Contributed by Vikram Singh, MD1, Kirti Gupta, MD1, Apinder Preet Singh, MS, M Ch2, Pravin Salunke, MS, M Ch2
Departments of Histopathology1, and Neurosurgery2, Post Graduate Institute of Medical Education and Research, Chandigarh India
A 43-year-old gentleman presented with swelling over scalp for past four months which was initially painless, hard and progressively increasing in size. It became painful in last one month, which was dull aching, intermittent and relieved by medication. There was no history of seizures, weakness, loss of consciousness, trauma, blurring of vision or vomiting. On examination, the vitals were stable with Glasgow coma scale of E4-V5-M6. Bilateral pupils were of normal size with normal reaction. There were no sensory or motor deficits and cerebellar signs were negative. Contrast enhancing MRI showed bone destructive lesion over parietal region. Axial CT showed a lytic lesion of the calvaria in the midline (Fig. 1a). Some expansion of bone with sclerosis was noted. Sagittal and coronal MRI revealed a midline parietal calvarial lesion, indenting the intact underlying dural structures and expanding the overlying galea (Figs. 1b, 1c). With a preoperative diagnosis of midline fronto-parietal calvarial tumor, a midline fronto-parietal craniotomy was performed and near total excision was achieved. Intraoperatively, a firm to hard pinkish tumor was visualized in the calvarium which was adherent to dura and infiltrating through the calvarial bone. Entire tumor with surrounding 1 cm of bony margin was excised. Post-operative period was uneventful.

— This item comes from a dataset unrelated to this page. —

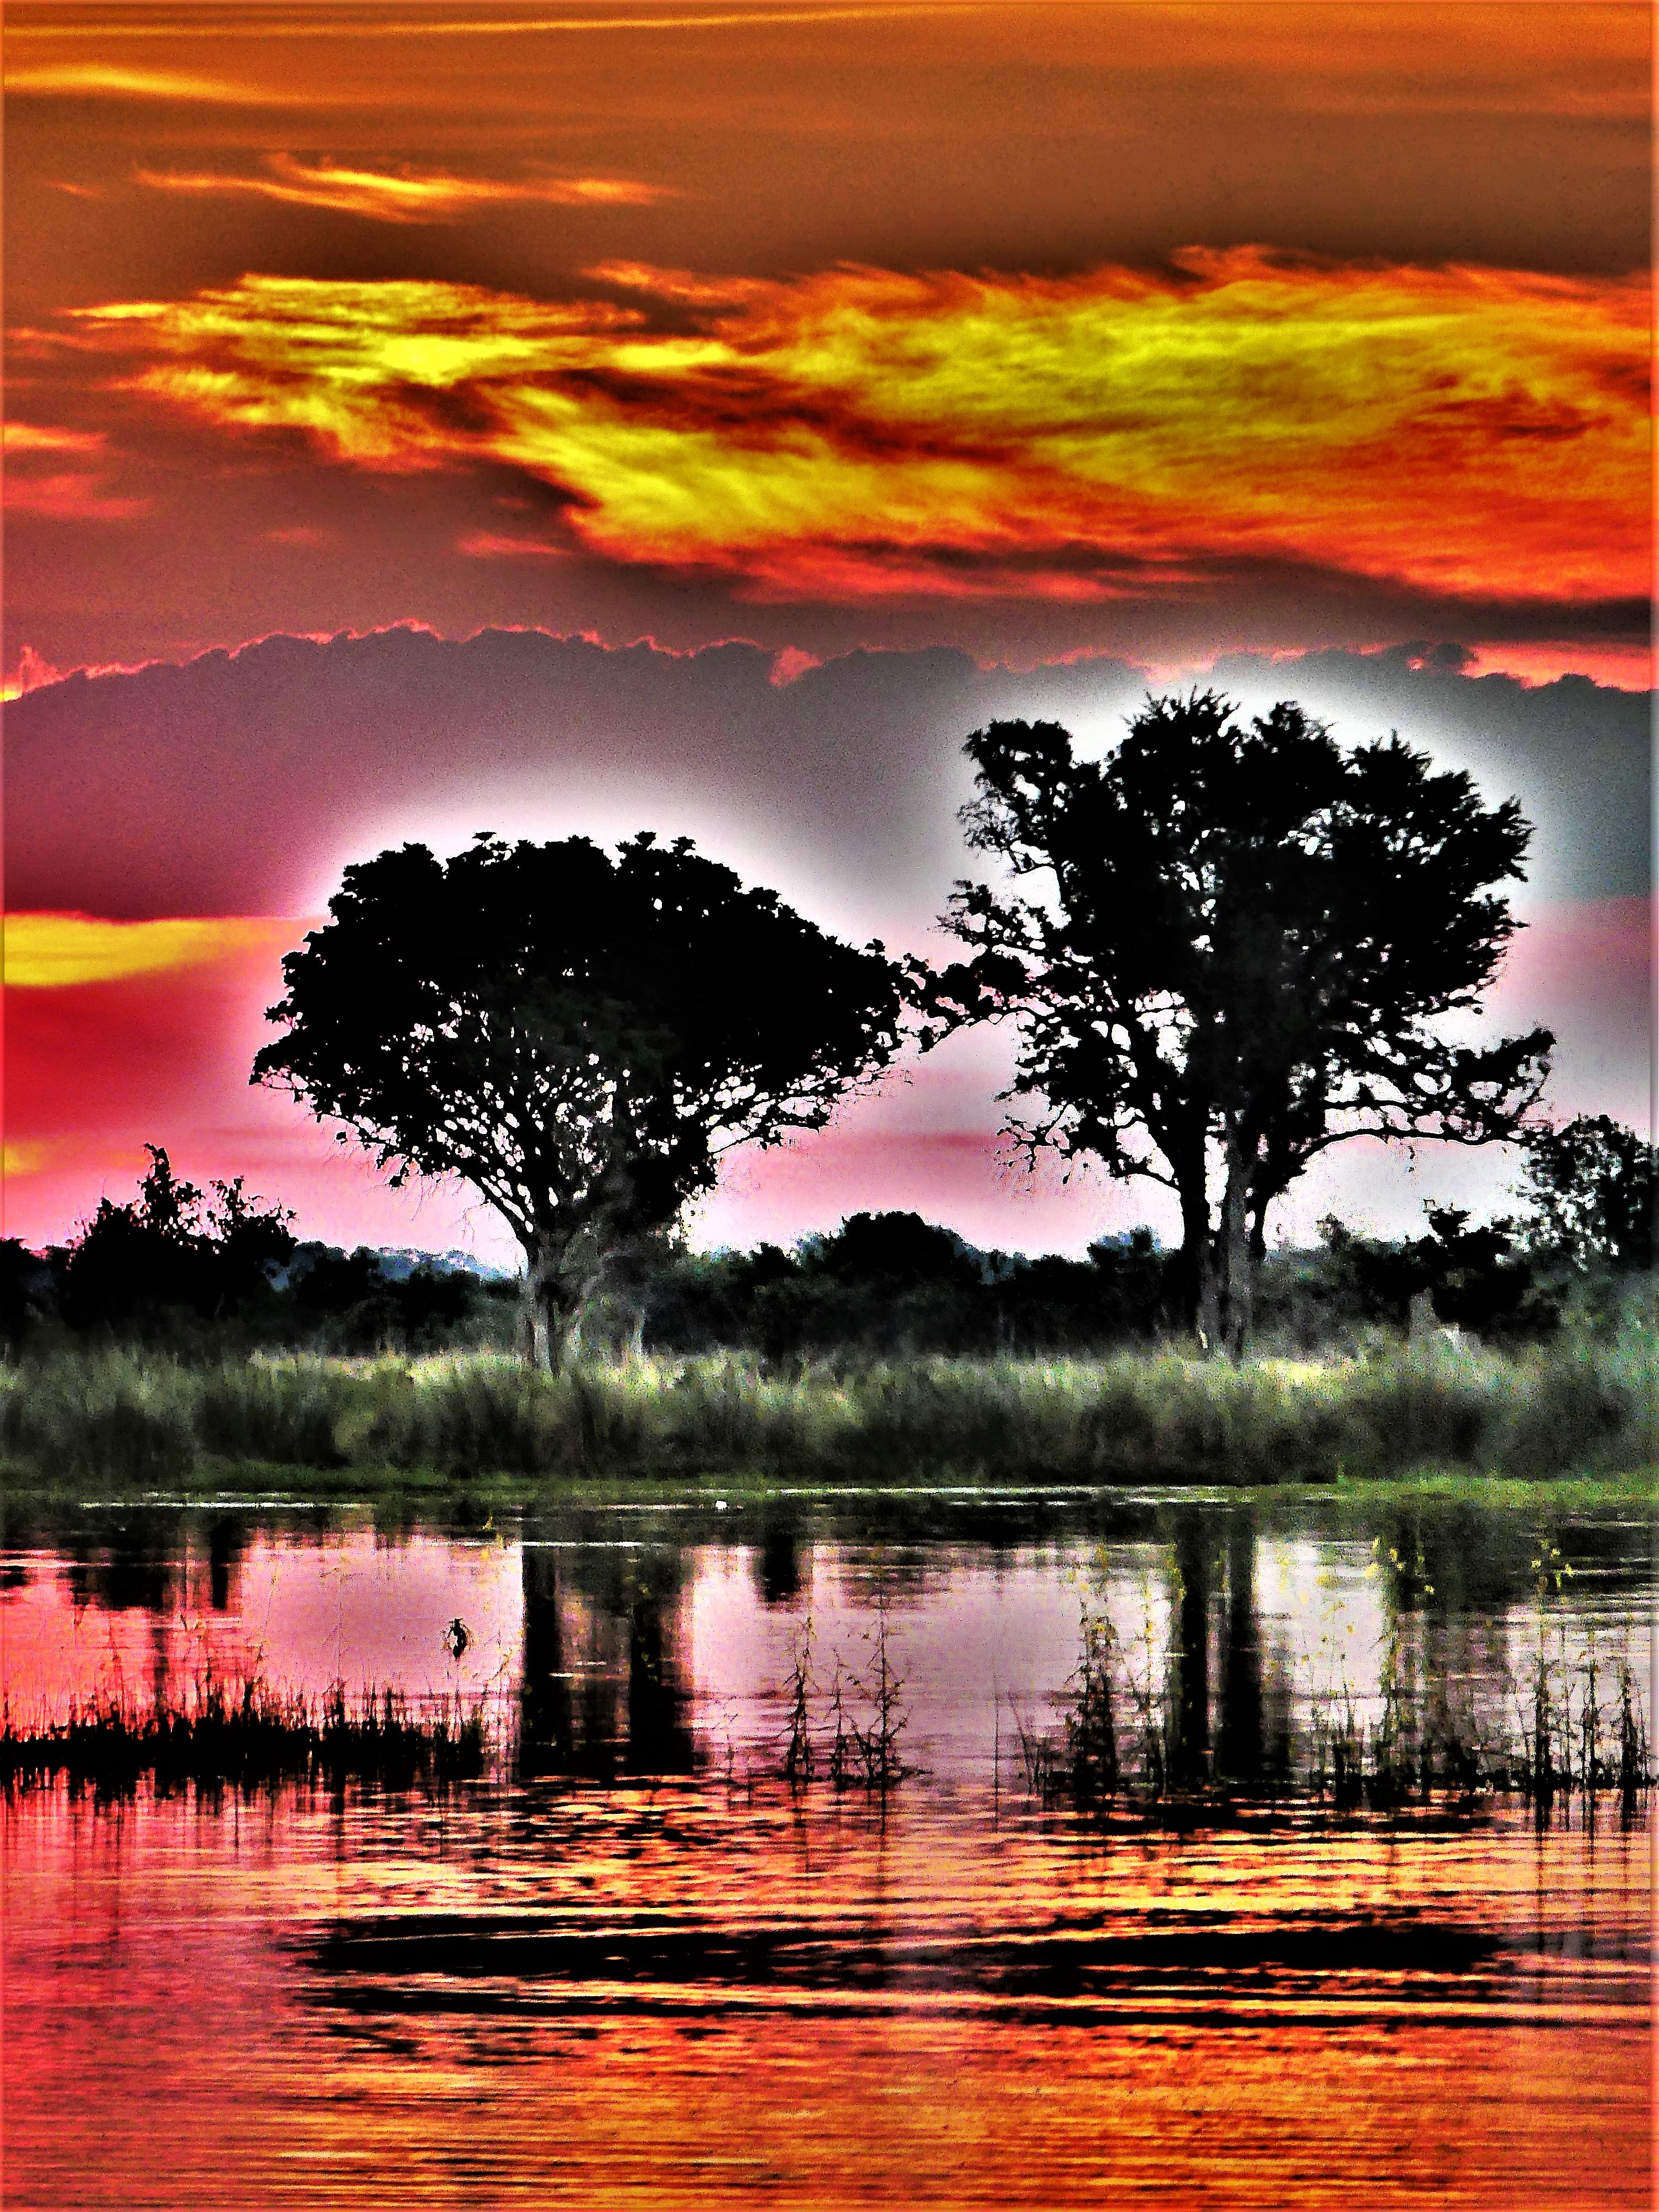 hippo pond sunset.1jpg (2)

Histology revealed a focally encapsulated spindle cell tumor with cells arranged in interlacing short fascicles and sheets with variable degree of hyalinization and collagenisation in the background (Figs. 2a, 2b). The tumor cells were fusiform to oval in shape with vesicular chromatin, conspicuous nucleoli and moderate pink cytoplasm (Fig. 2c). Mitotic activity was brisk (2-3/HPF) in areas with cellular pleomorphism (Fig. 2d). The central core of the tumor showed hyalinization (Fig. 2e) with focal necrosis. The tumor was infiltrating the dura and overlying skull bone, however, no parenchymal invasion was identified. On performing immunohistochemistry, the tumor cells showed strong and diffuse positivity for vimentin and smooth muscle actin (SMA) and focally for desmin (Figs. 3a, 3b). These tumor cells are negative for Pan-CK, EMA, Bcl-2 and CD34 (Fig. 3c). Electron microscopic examination revealed intermediate filaments of width corresponding to those of actin filaments. What is your diagnosis?